Among them, “to narrow the gap between the authority given on the face of prior authorizations and the actual operation of the program by the N.S.A.,” the report said, Mr. Bush’s new authorization proclaimed that the N.S.A. could “obtain and retain” metadata in general, and that the agency would be deemed to have “acquired” only those records that analysts specifically “searched for and retrieved” within the larger database.

This formulation appeared to permit bulk collection of domestic metadata, so long as the N.S.A. searched the database only for records related to terrorism suspects.

Mr. Bush also declared that this newly drafted distinction between obtaining and acquiring data reflected previous N.S.A. conduct that had been “known to and authorized by me.” The new language, Mr. Bush added, would be deemed to have been a part of his previous authorizations as if those words had been included in them when he signed them, so that he was ratifying and confirming the N.S.A.’s prior actions.

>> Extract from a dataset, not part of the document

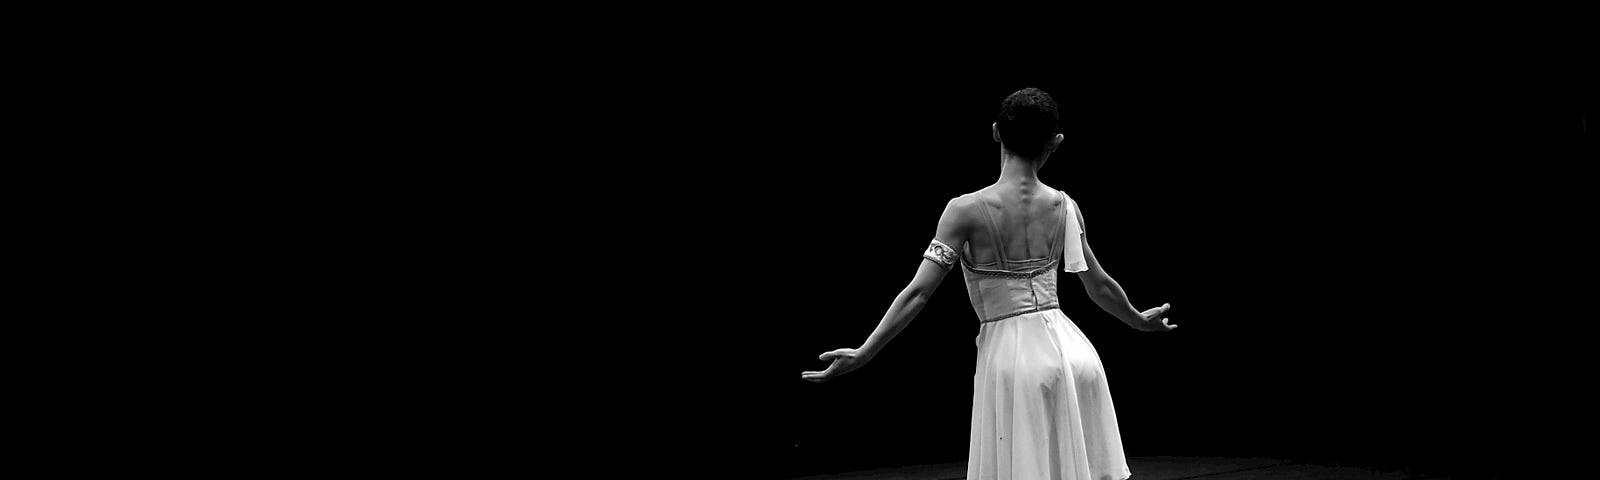 Ballet dancer dancing in black and white photo

Mr. Addington also added language in which Mr. Bush, for the first time, explicitly said that his authorizations were “displacing” specific federal statutes, including the Foreign Intelligence Surveillance Act and criminal wiretapping laws. The White House counsel, Alberto Gonzales, then told Mr. Goldsmith that the president had “made an interpretation of law concerning his authorities” and that the Justice Department could not act in contradiction of Mr. Bush’s determinations.

But Mr. Bush’s willingness to go forward with the program without operational changes prompted a threat of mass resignation by top department officials. To avert that meltdown, Mr. Bush then agreed to accept curbs on the program.